Epiphora
Introduction
Introduction to tears Anyone who has excessive tear secretion due to inflammation of the eye, foreign body stimulation, emotional impulses, etc. is called tears. Anyone with dysfunction in any part of the lacrimal duct causes tears to overflow. Long-term tears, redness, roughness, and eczema near the internal hemorrhoids, as the patient continues to swab down, can promote valgus valgus. The treatment of this disease is mainly to correct the valgus valgus, to restore the normal position of the tears, and to treat blepharitis. Tear small point stenosis or occlusion of the tears small expansion, puncture incision or bite cut. If the lacrimal canal or the main tube is obstructed, the light can be forcibly intubated by the probe. Severe cases can be used for conjunctival lacrimal sac anastomosis or intubation.

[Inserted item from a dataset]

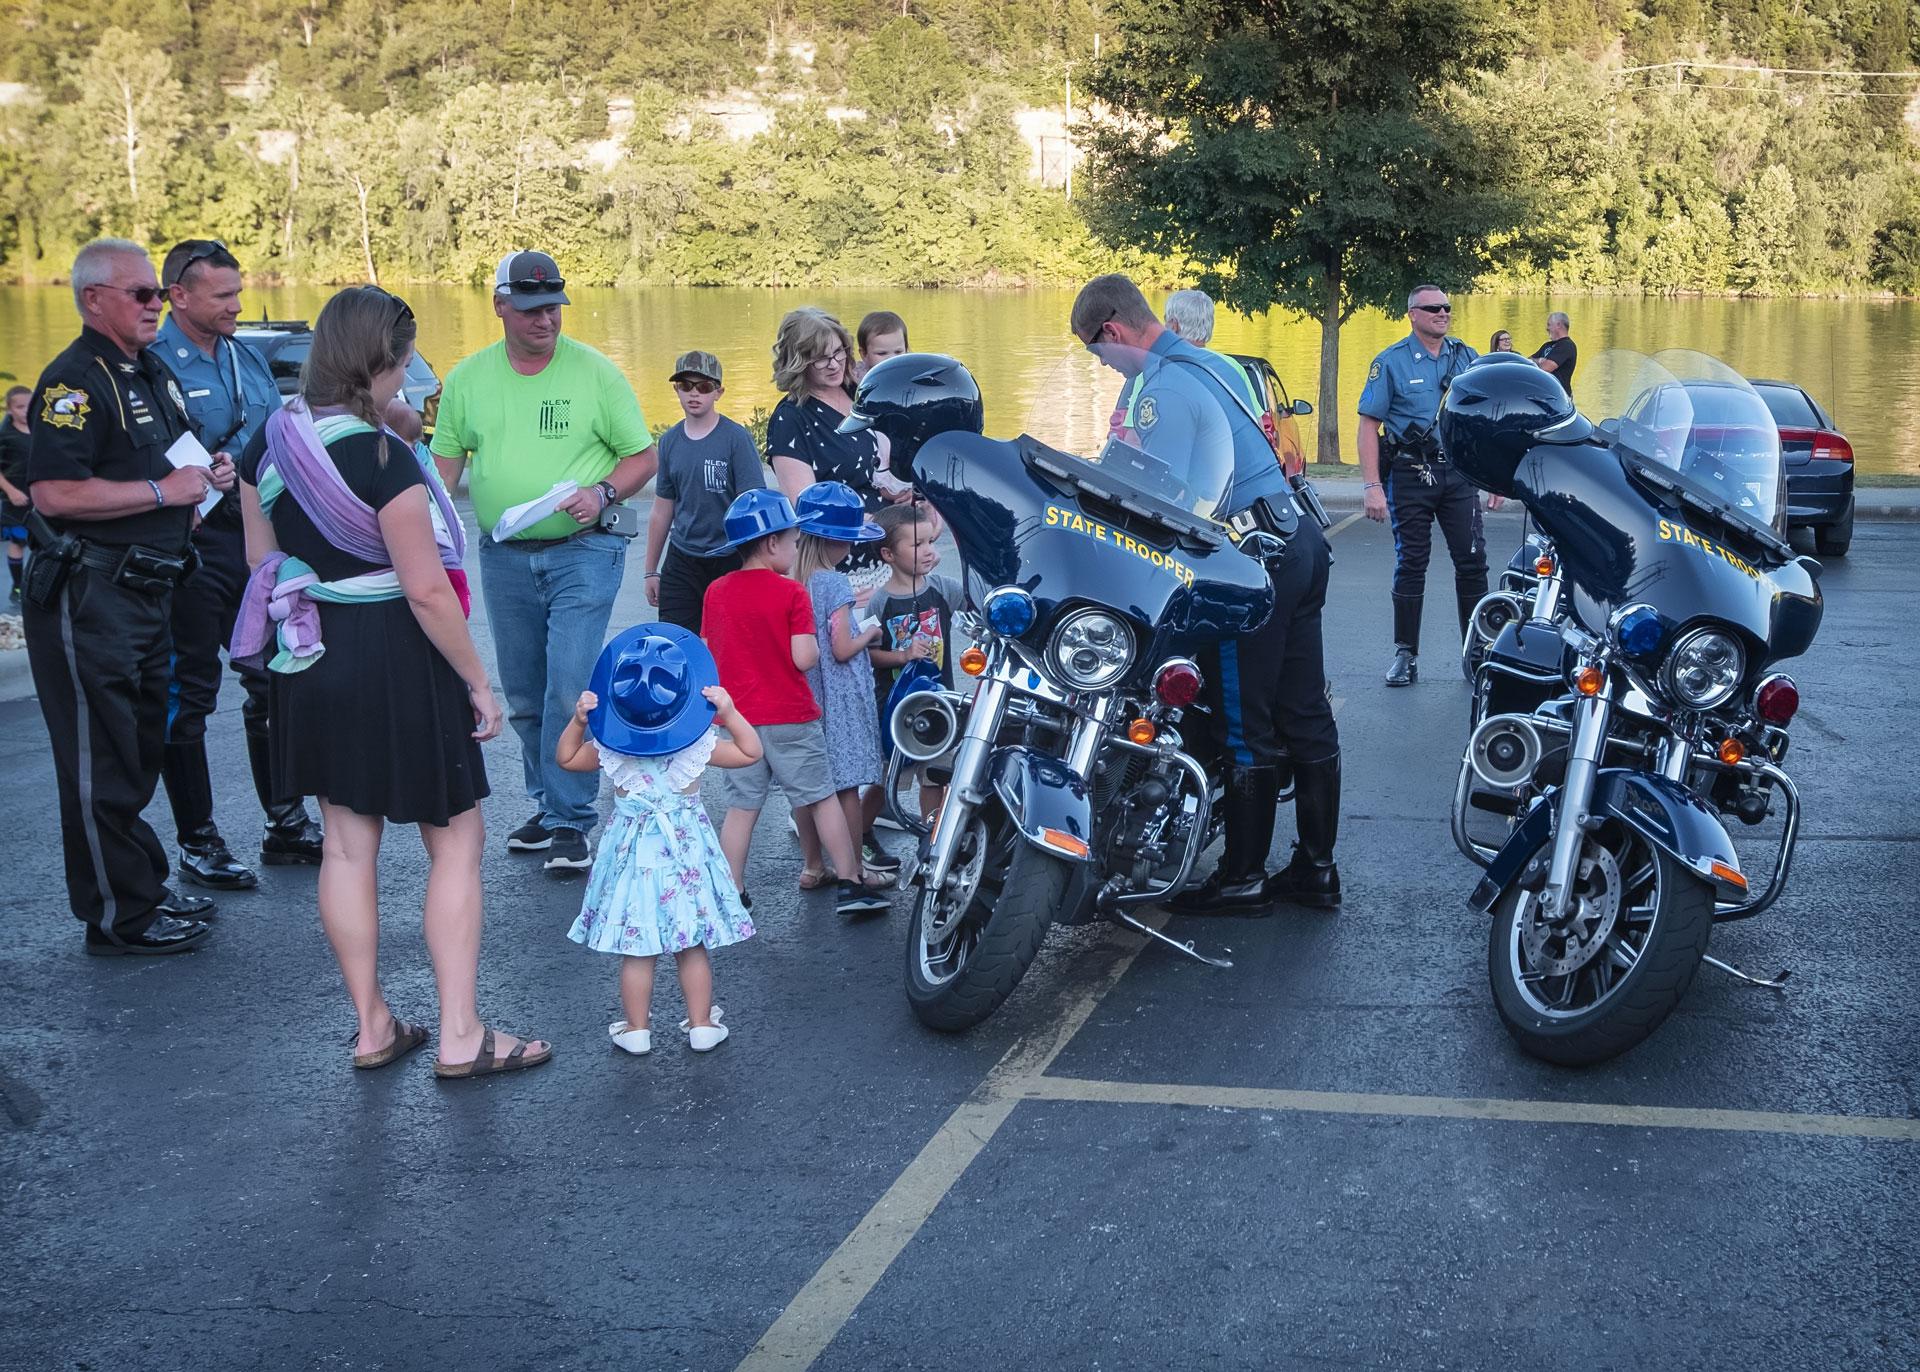 missouri state highway patrol motorcyles

Or by their own vein bridge to communicate the lacrimal sac and conjunctiva. basic knowledge The proportion of illness: 0.003--0.005% Susceptible people: no special people Mode of infection: non-infectious Complications: vitreous opacity
Cause
Cause of overflowing tears
(1) Abnormal tears: tears can not flow into the lacrimal passage when the tears are everted, narrow, occluded or have no tears.

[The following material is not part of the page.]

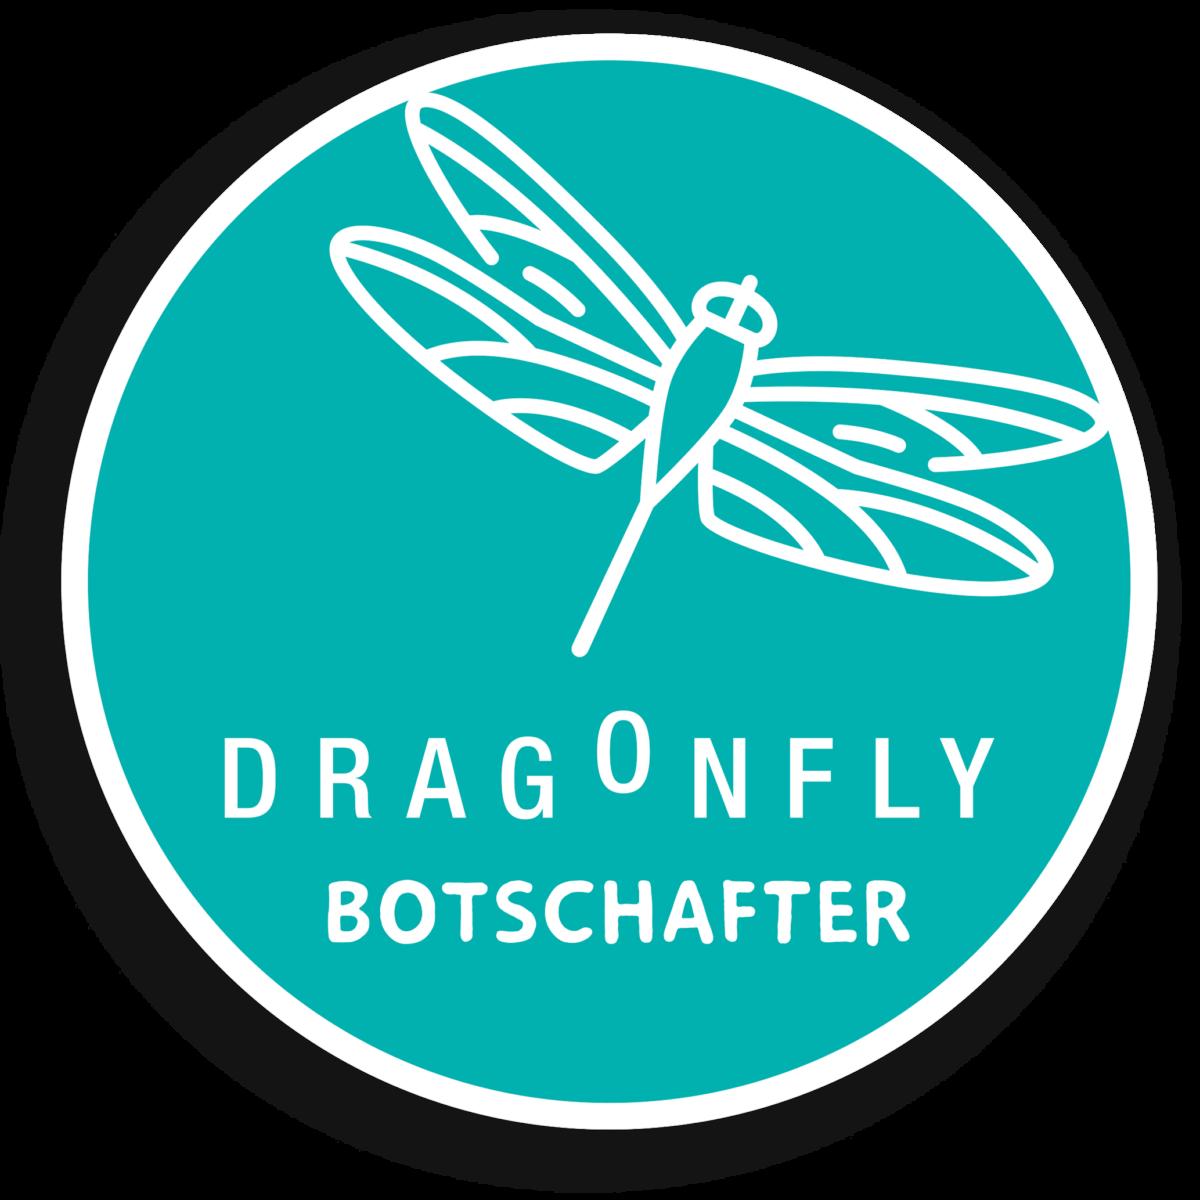 Dragonfly-Botschafter-Logo

(B) abnormal lacrimal duct: dysplasia (congenital atresia), trauma, foreign body, inflammation, tumor, scar contraction or nasal disease, etc., narrowing or obstructing the lacrimal duct, can cause tears.
Prevention
Diabetes prevention
Usually pay more attention to keep your eyes clean and not rub your eyes with dirty hands or dirty handkerchiefs.
Complication
Hemorrhagic complications Complications vitreous opacity
Most of the complications occurred after eye surgery, such as dilated pupils and vitreous opacity.
Symptom
Symptoms of overflowing tears common symptoms eversion eczema
Long-term tears, skin flushing near the sputum, rough, eczema, as the patient continues to wipe down, can promote valgus valgus.
Examine
Examination of tears
(1) Fluorescein test
(two) lacrimal irrigation
Analysis of lacrimal irrigation results:
1. There is no resistance when the normal person injects the rinsing liquid, and the rinsing liquid flows smoothly into the nasal cavity or the pharynx.

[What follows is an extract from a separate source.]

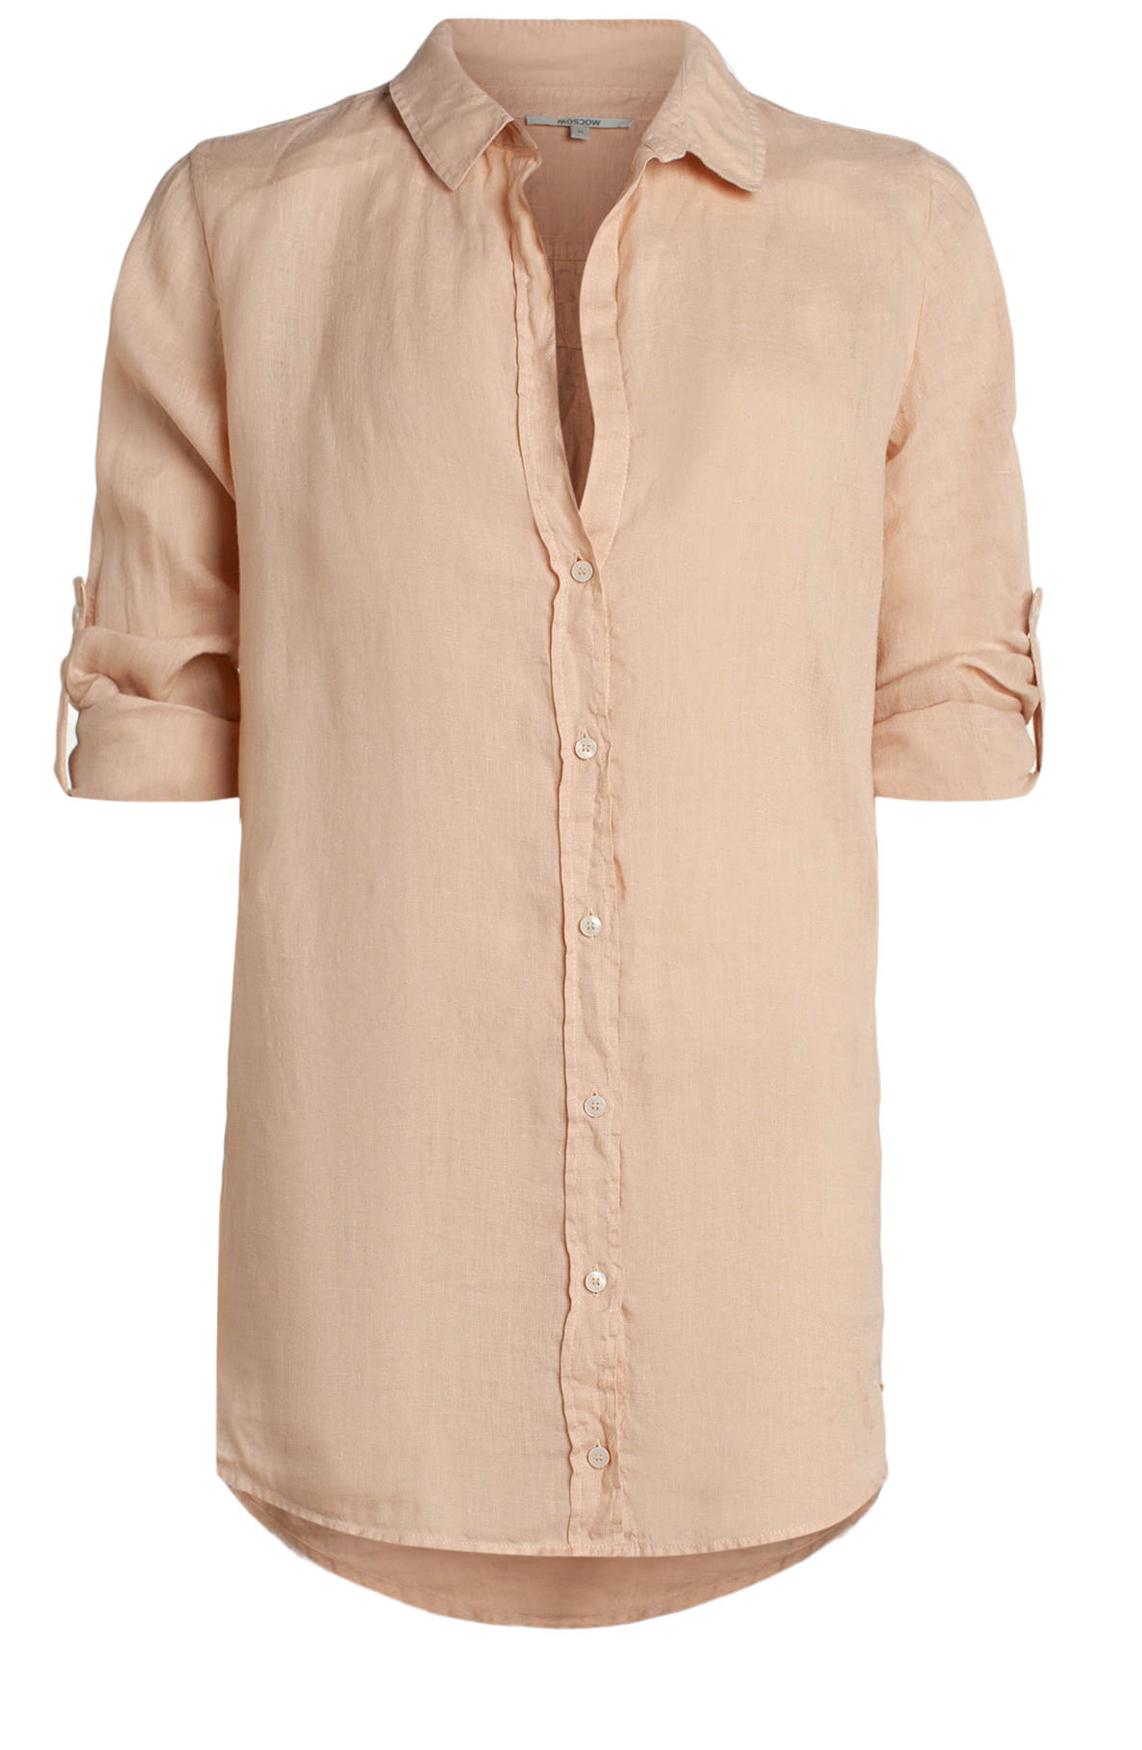 Moscow Dames Linnen blouse roze

2. There is resistance when injecting the rinsing liquid, part of it returns from the small point of the tear, and part of it flows into the nasal cavity, which is the narrowing of the nasolacrimal duct.
3, the flushing fluid completely from the original path of the injection is blocked by the lacrimal canal.
4, the flushing fluid is injected from the small tears, and returns from the small tears, which is blocked by the total tear duct.
5, the rinsing liquid returns from the small tears at the same time, there is mucus or mucus purulent secretion flow out, for the nasolacrimal duct obstruction, combined with chronic dacryocystitis.
(3) X-ray iodine angiography can be performed if necessary. The contrast agent can be injected through the lacrimal canal with a lacrimal sac flushing needle. Immediately take a picture of the anterior and posterior position and the lateral position to understand the size of the obstruction of the lacrimal passage and the size of the lacrimal sac.
Diagnosis
Diagnosis and diagnosis of tears
diagnosis
Diagnosis can be made based on medical history, clinical manifestations, and examination.
Differential diagnosis
Identification with dacryocystitis, chronic lacrimal gland inflammation, acute lacrimal gland inflammation, excessive secretion of tears.